Tech Stack
AirflowApacheAWSCloudGoogle Cloud PlatformHadoopNoSQLPySparkPythonSpark
About the role
- Design and develop scalable and efficient data pipelines within the Big Data ecosystem using Apache Spark and Apache Airflow; document new and existing pipelines and datasets to ensure clarity and maintainability.
- Demonstrate and implement data architecture and management practices across data pipelines, data lakes, and modern data warehousing, including virtual data warehouses and push-down analytics.
- Write clean, efficient, and maintainable code in Python to support data processing and platform functionality.

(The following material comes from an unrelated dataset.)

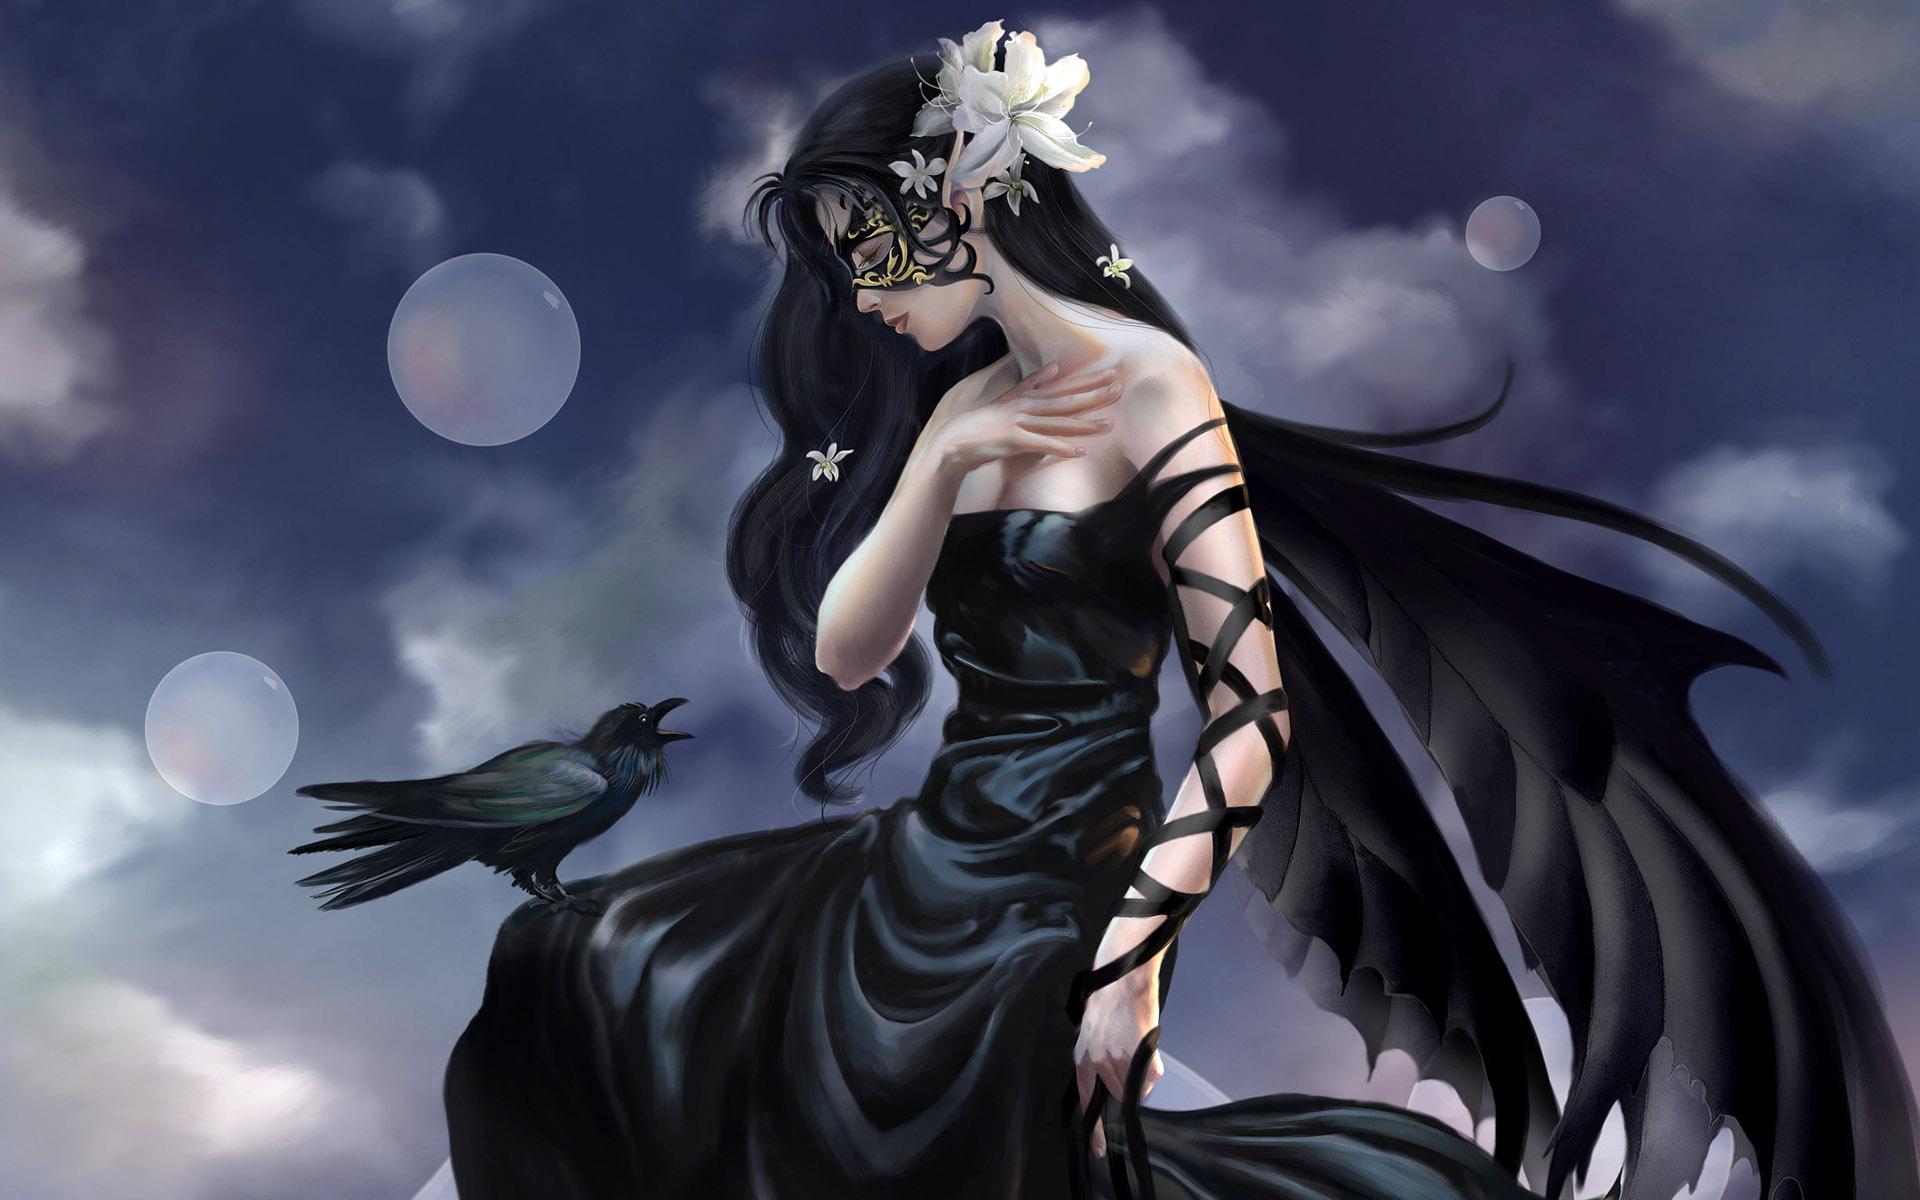 Fantasy girl   Raven wallpapers Fantasy girl   Raven stock photos 1920x1200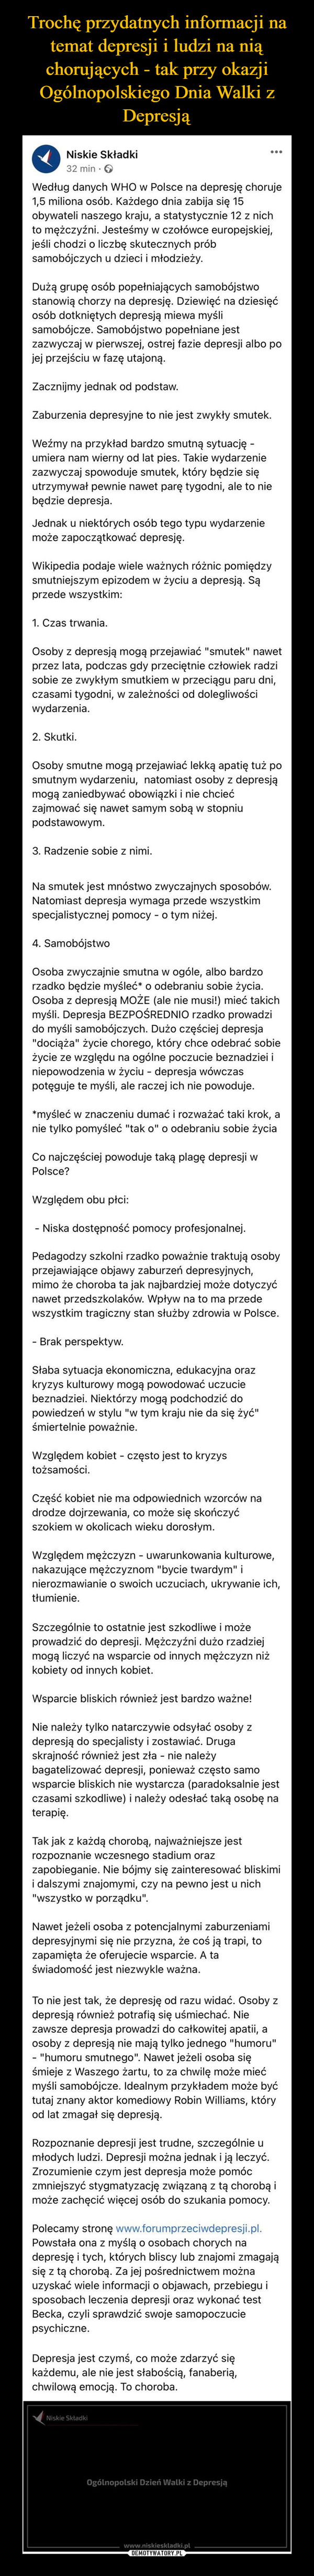 """–  Według danych WHO w Polsce na depresję choruje 1,5 miliona osób. Każdego dnia zabija się 15 obywateli naszego kraju, a statystycznie 12 z nich to mężczyźni. Jesteśmy w czołówce europejskiej, jeśli chodzi o liczbę skutecznych prób samobójczych u dzieci i młodzieży.Dużą grupę osób popełniających samobójstwo stanowią chorzy na depresję. Dziewięć na dziesięć osób dotkniętych depresją miewa myśli samobójcze. Samobójstwo popełniane jest zazwyczaj w pierwszej, ostrej fazie depresji albo po jej przejściu w fazę utajoną.Zacznijmy jednak od podstaw.Zaburzenia depresyjne to nie jest zwykły smutek.Weźmy na przykład bardzo smutną sytuację - umiera nam wierny od lat pies. Takie wydarzenie zazwyczaj spowoduje smutek, który będzie się utrzymywał pewnie nawet parę tygodni, ale to nie będzie depresja.Jednak u niektórych osób tego typu wydarzenie może zapoczątkować depresję.Wikipedia podaje wiele ważnych różnic pomiędzy smutniejszym epizodem w życiu a depresją. Są przede wszystkim:1. Czas trwania.Osoby z depresją mogą przejawiać """"smutek"""" nawet przez lata, podczas gdy przeciętnie człowiek radzi sobie ze zwykłym smutkiem w przeciągu paru dni, czasami tygodni, w zależności od dolegliwości wydarzenia.2. Skutki.Osoby smutne mogą przejawiać lekką apatię tuż po smutnym wydarzeniu, natomiast osoby z depresją mogą zaniedbywać obowiązki i nie chcieć zajmować się nawet samym sobą w stopniu podstawowym.3. Radzenie sobie z nimi.Na smutek jest mnóstwo zwyczajnych sposobów. Natomiast depresja wymaga przede wszystkim specjalistycznej pomocy - o tym niżej.4. SamobójstwoOsoba zwyczajnie smutna w ogóle, albo bardzo rzadko będzie myśleć* o odebraniu sobie życia. Osoba z depresją MOŻE (ale nie musi!) mieć takich myśli. Depresja BEZPOŚREDNIO rzadko prowadzi do myśli samobójczych. Dużo częściej depresja """"dociąża"""" życie chorego, który chce odebrać sobie życie ze względu na ogólne poczucie beznadziei i niepowodzenia w życiu - depresja wówczas potęguje te myśli, ale raczej ich nie powoduje.*myśleć w znaczen"""

- Utilize cloud-based infrastructures (AWS/GCP) and their services, including compute resources, databases, and data warehouses; manage and optimize cloud-based data infrastructure.
- Develop and manage workflows using Apache Airflow for scheduling and orchestrating data processing jobs and create/maintain Airflow DAGs.
- Implement and maintain Big Data architecture including cluster installation, configuration, monitoring, security, resource management, maintenance, and performance tuning.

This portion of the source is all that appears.